Unfortunatly something happened one day. He SNAPPED! He was outside with my wife while she was watering the plants and he jumped up on her leg and bit a huge chunk out of her thigh. It was Horrendous what this sweet little iguana did. The iguana ran back into the house and just went crazy. We could'nt even catch him and he ended up chasing us out of the house. We had to call Animal Control for assistance. They came and they took him to there facility where he was monitored for several days. We even tried to calm him down and nothiing worked. This guy just became totally wild and straight ass mean. 
Because of the circumstances we felt that it would'nt be wise to even turn him into a rescue because of his temperment and what he did to my wife. We decided to put him down(sorry for those who disagree). It was very hard and sad for us to do this, but it was for the best. 
Since this incident my views on Iguanas are so different as when we got him. I will never own another one and advise anyone who gets one to really think about it and do extensive research. 
It took several months for my wifes wound to heal and still she has an awful scar from the bite. Who would of thought an iguana that was considered puppy dog tame would do such a thing. Make the phrase "puppy dog tame" a whole new meaning.

----------


## modfrogg

both of my iggys are very sweet and tame one that I used to have was mean as hell i took a tail to the leg about 7 years ago and it left a nice deep scar but he was a rescue and even more mean when I first got him

----------


## rabernet

> We had an Iguana for several years. He grew head to tail approx 6ft and weighed 35 lbs. He was such a monster, but puppy dog tame and smart. We didn't keep him in a cage, instead he had a table he sat on with a heat lamp hanging over it. He was potty trained, in which he had a litter box underneath his table. If he needed to go he would climb down and do his thing and then climb right back up onto his table. He never got down to roam the house either. During the warmer and summer days he would get down and scratch at the sliding glass door and we would let him out. He would spend the day outside grazing on the grass and weeds. Then when it started getting dark he would scratch at the door again when he wanted in. We would let him in and he would walk to his table and climb up.
> Unfortunatly something happened one day. He SNAPPED! He was outside with my wife while she was watering the plants and he jumped up on her leg and bit a huge chunk out of her thigh. It was Horrendous what this sweet little iguana did. The iguana ran back into the house and just went crazy. We could'nt even catch him and he ended up chasing us out of the house. We had to call Animal Control for assistance. They came and they took him to there facility where he was monitored for several days. We even tried to calm him down and nothiing worked. This guy just became totally wild and straight ass mean. 
> Because of the circumstances we felt that it would'nt be wise to even turn him into a rescue because of his temperment and what he did to my wife. We decided to put him down(sorry for those who disagree). It was very hard and sad for us to do this, but it was for the best. 
> Since this incident my views on Iguanas are so different as when we got him. I will never own another one and advise anyone who gets one to really think about it and do extensive research. 
> It took several months for my wifes wound to heal and still she has an awful scar from the bite. Who would of thought an iguana that was considered puppy dog tame would do such a thing. Make the phrase "puppy dog tame" a whole new meaning.

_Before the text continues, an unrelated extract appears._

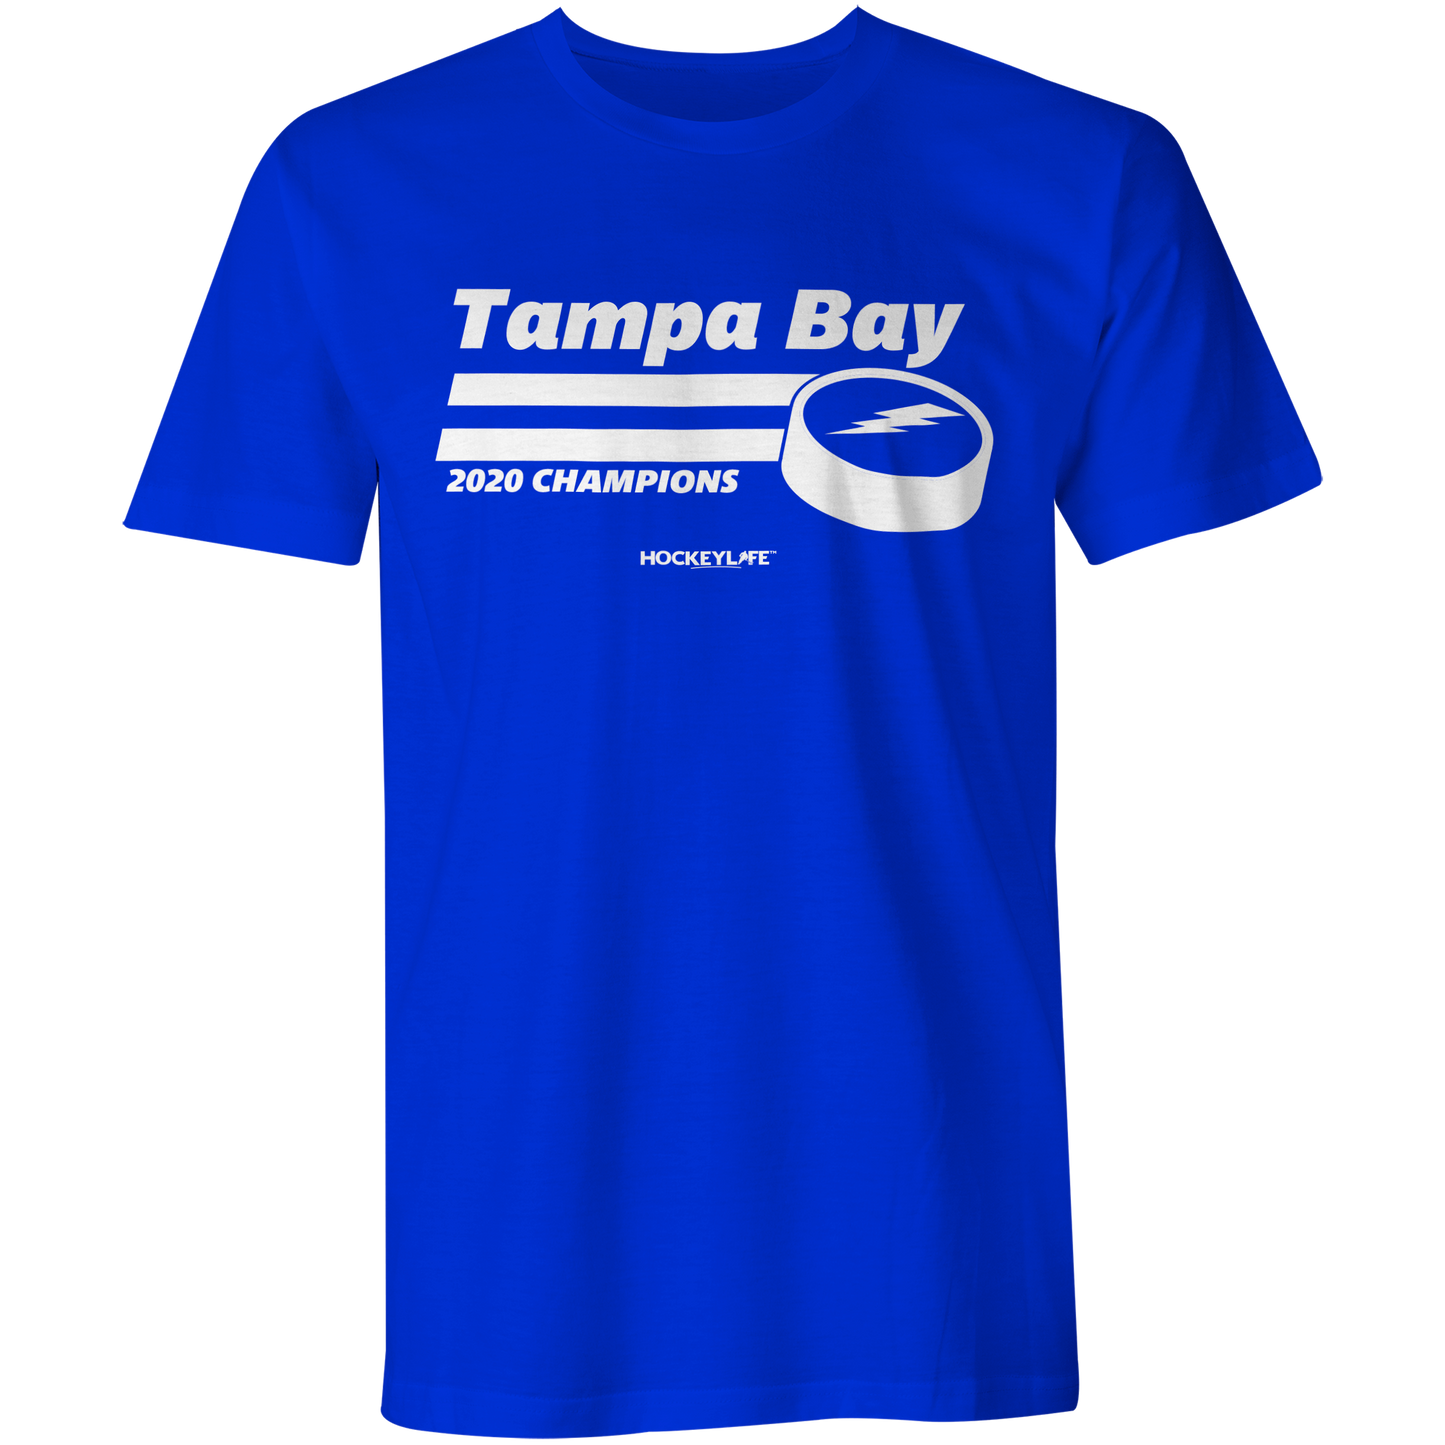 Tampa Bay 2020 Championship Tee Shirt

Wow, what a story! Iguanas are the reason I have ball pythons now! LOL

Karl had purchased a baby without doing any research and when I started researching them and their temperment and potential size, I was not happy. Even as a baby, this little guy was MEAN! No matter how much I tried to handle him to get him used to handling he'd tail whip as soon as we walked in the room. 

Let's just say when he died six months later, I was not heartbroken and started researching ball pythons, because I did not want Karl getting another impulse buy to put in the vacant 20 gallon aquarium (which today houses a crestie).

----------


## frankykeno

A dear friend of mine does iggy rescue and well put it this way....I'll handle a biting, striking adult ball python, I'll wrangle a big old 6 foot plus boa...but when her big female iggy's come over and give me the "you lady are in MY freakin chair" glare...I move my butt to another seat LOL. 

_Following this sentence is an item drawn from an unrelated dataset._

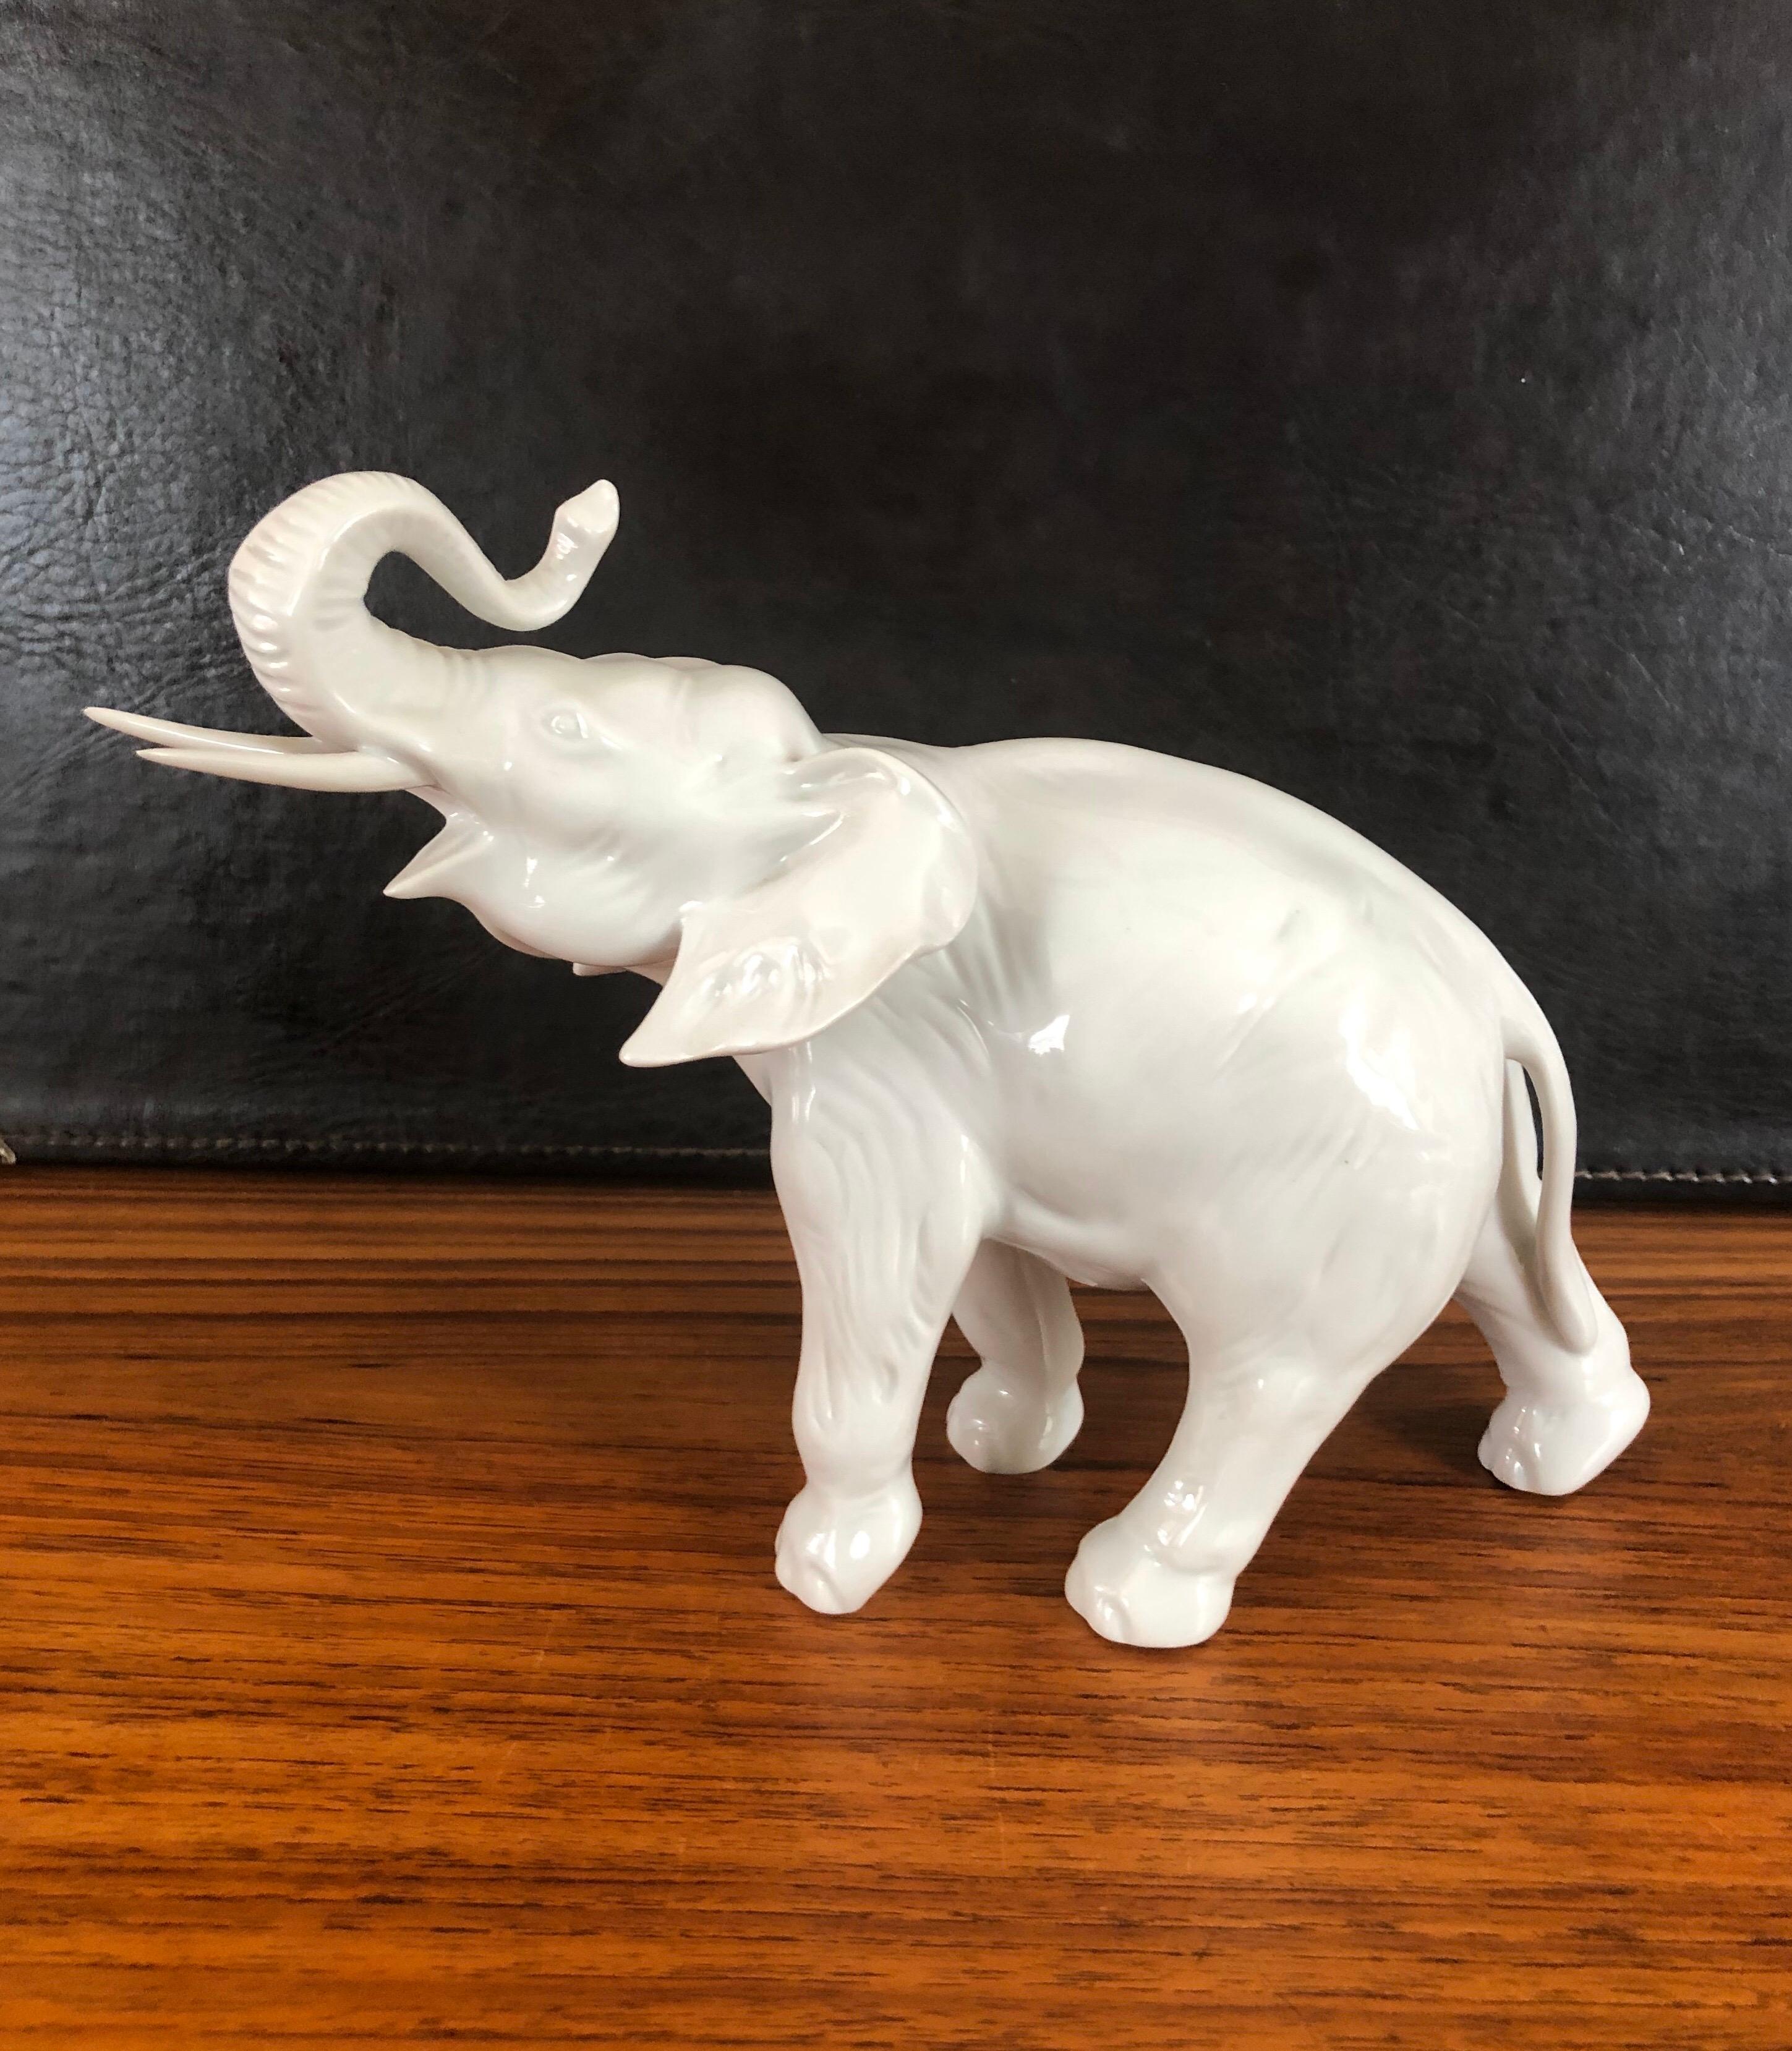 Pair of White Porcelain Elephant Sculptures by Royal Dux For Sale 3

I have all the respect in the world for my friend and her work with iguana's in need but personally those big lizards scare the beejeesus outta me.

----------


## ReptileQueen

I have seven igs and most are rescued from abusive owners. From my experience if you hold, tame, hand feed for trusting, and let other hold or pet your ig they become rather tame pets. On the otherhand if you takin a mistreated one it will take you about six months to get the trust back and another six months to tame and handle the iguana.

Let me know if you have any questions!

----------


## frankykeno

My friend that has the iggy's had the oddest situation with one of her just matured females.  This female iggy took a strong dislike to anything red in color that my friend wore.  Do iggy's see color?  Didn't matter if it was a red t-shirt, sweatshirt or sweater...if Sherrie wore red the female iggy got aggressive.  If Sherrie changed her top, the iggy calmed down to her usual rather nice self.

----------


## ReptileQueen

> My friend that has the iggy's had the oddest situation with one of her just matured females.  This female iggy took a strong dislike to anything red in color that my friend wore.  Do iggy's see color?  Didn't matter if it was a red t-shirt, sweatshirt or sweater...if Sherrie wore red the female iggy got aggressive.  If Sherrie changed her top, the iggy calmed down to her usual rather nice self.

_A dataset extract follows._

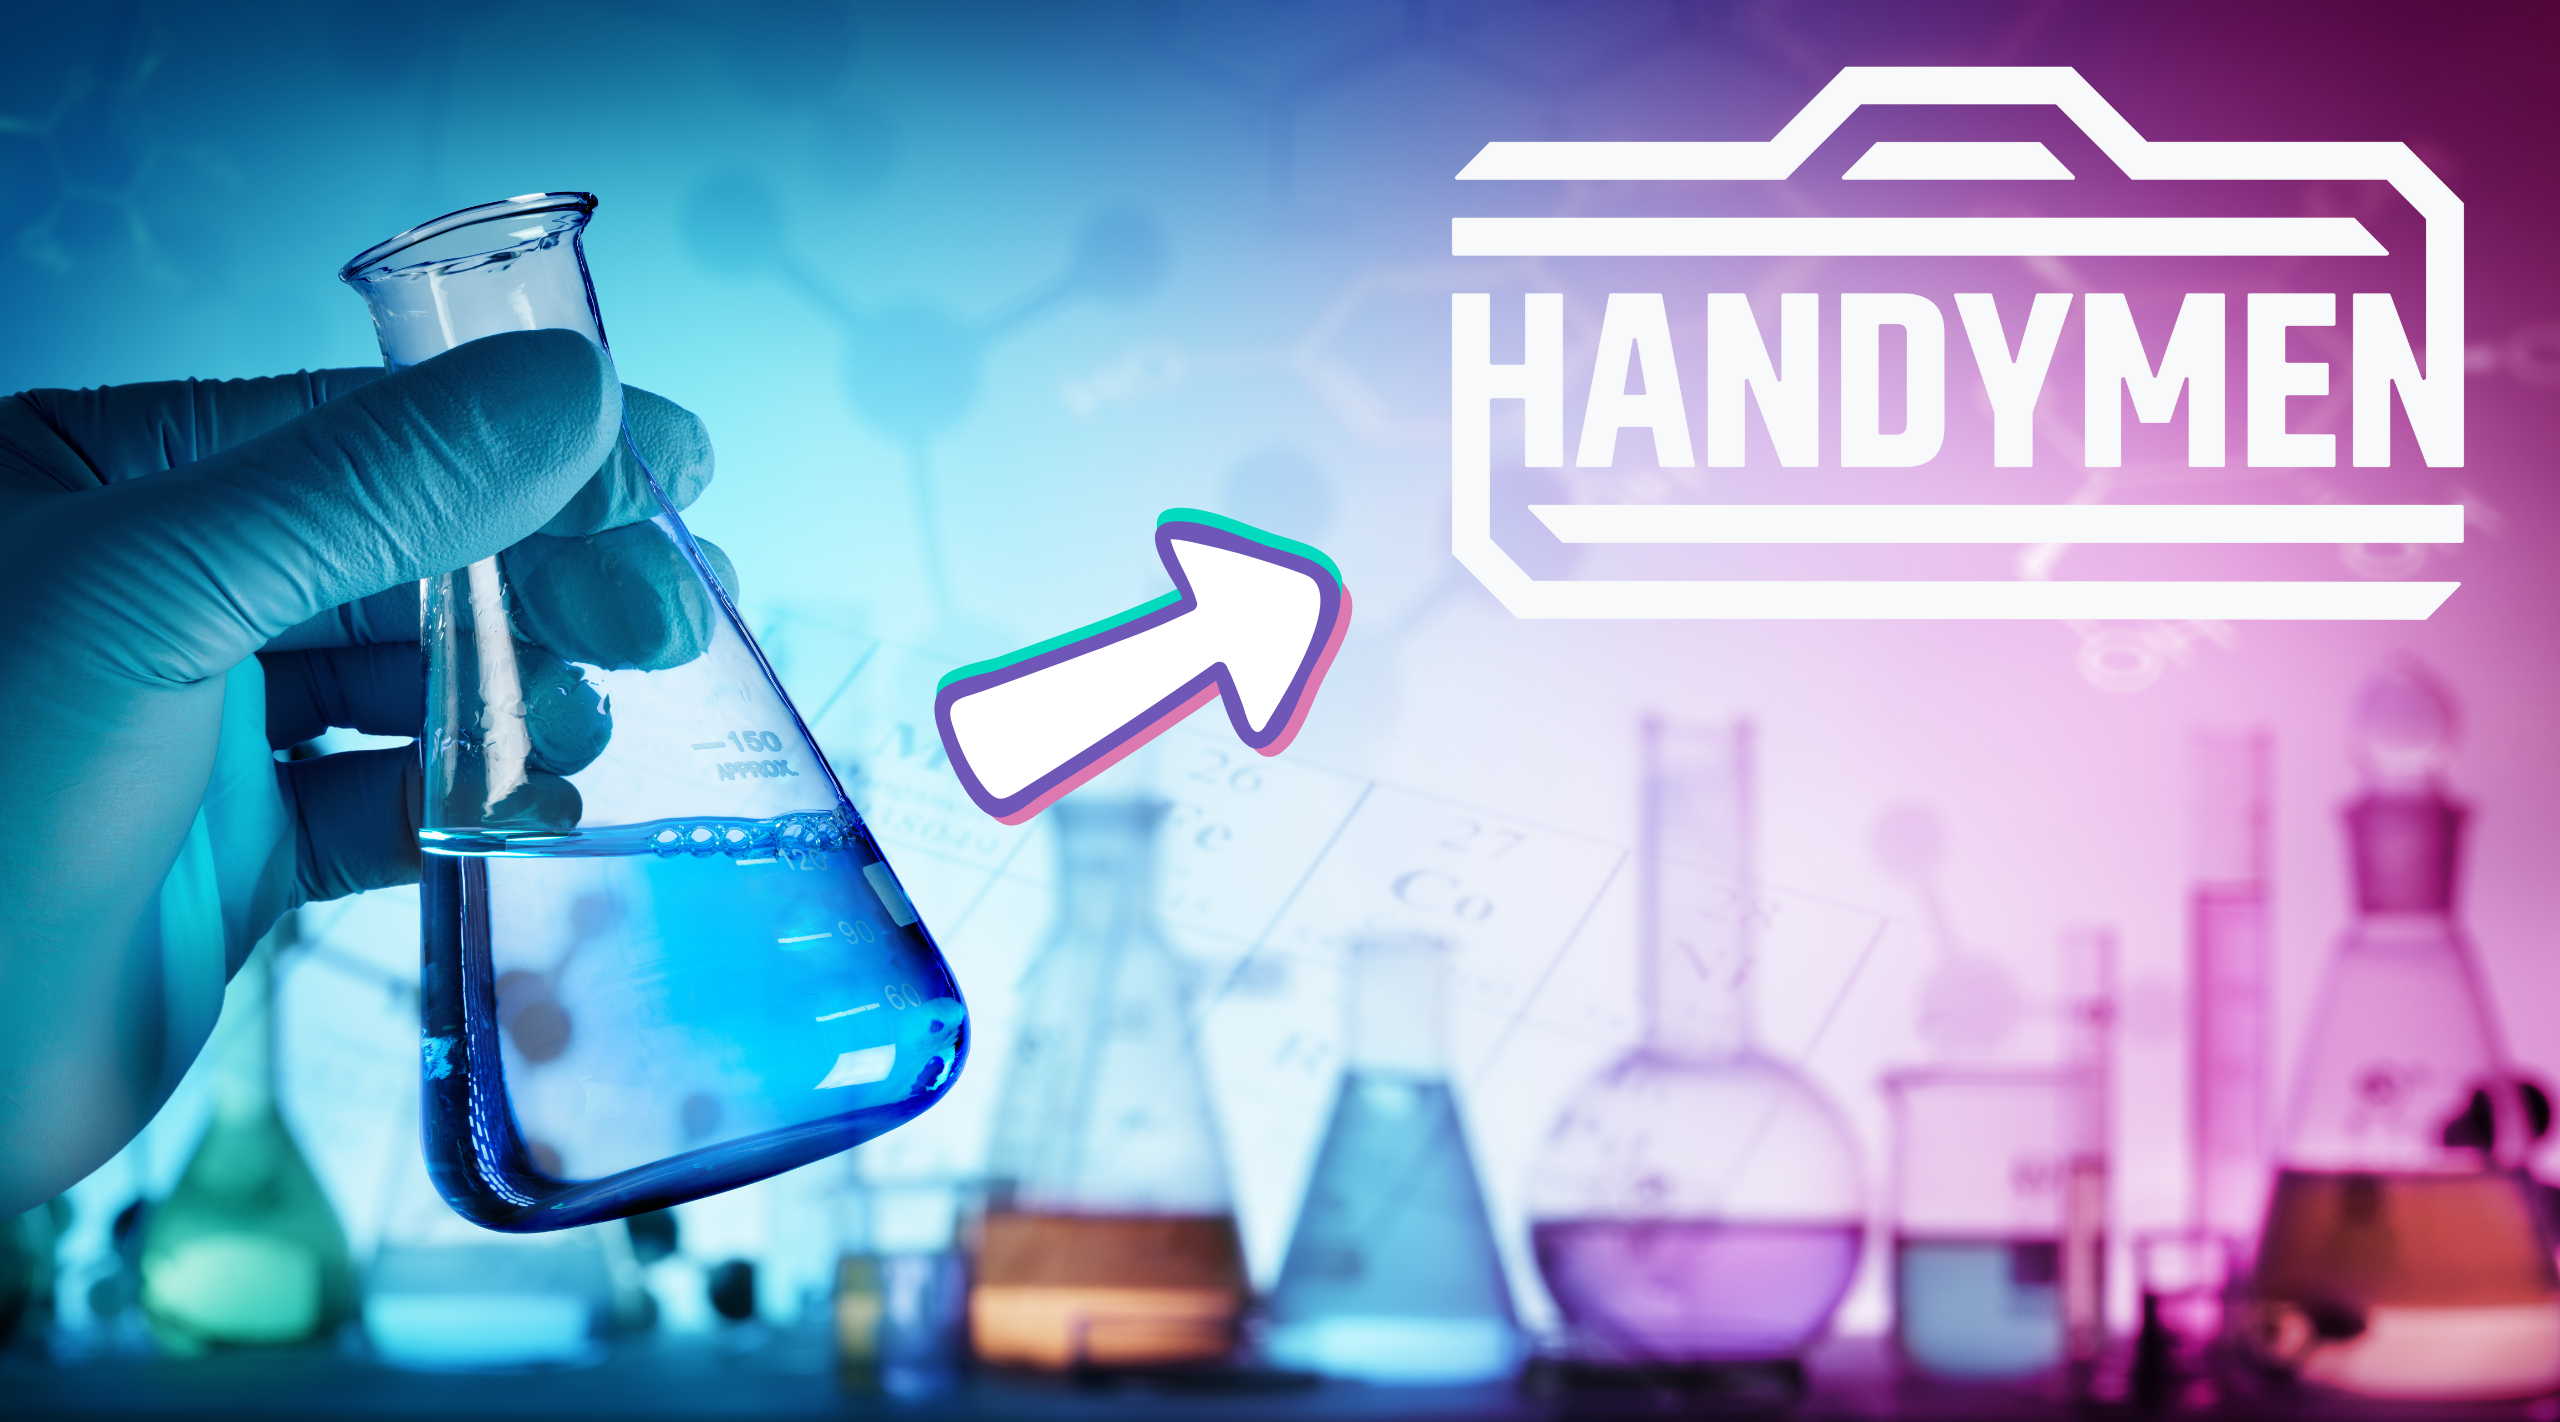 Chemistry lab stock photo with Handymen logo

Yes iguanas see a wide variety of colors. They are pretty capable of seeing red, orange, green, yellow, and blue(not so well), but red is the most common color that can aggrevate an iguana especially around breeding season. Just stay away from that color for a good three months and slowly introduce it back in.

----------


## frankykeno

You know I was wondering if the red was triggering some sort of strong reaction associated with breeding. I had read somewhere that male iggy's fire up a sort of red/orange on the front end so my friend and I figured that maybe her female iggy was reacting to that (she was sexually maturing just around the time of the red clothes incident). Glad to have our suspicions confirmed though. At first Sherrie and I figured we were nuts and it was just coincidental but everytime she wore red, the iggy got very upset.

On the upside this female iggy really is amazing. She loves having a bath. She'll smack her enclosure to indicate she wants out, trundle off very determined straight to the bathroom and crawl into the tub all by herself, then do that iggy glare at you until you get busy with the nice tepid water for her to mess about in. It's really quite amazing how she's got her humans trained LOL.

----------


## MasonC2K

I have had 3 Iguanas. Even though I did my research I still learned a lot along the way.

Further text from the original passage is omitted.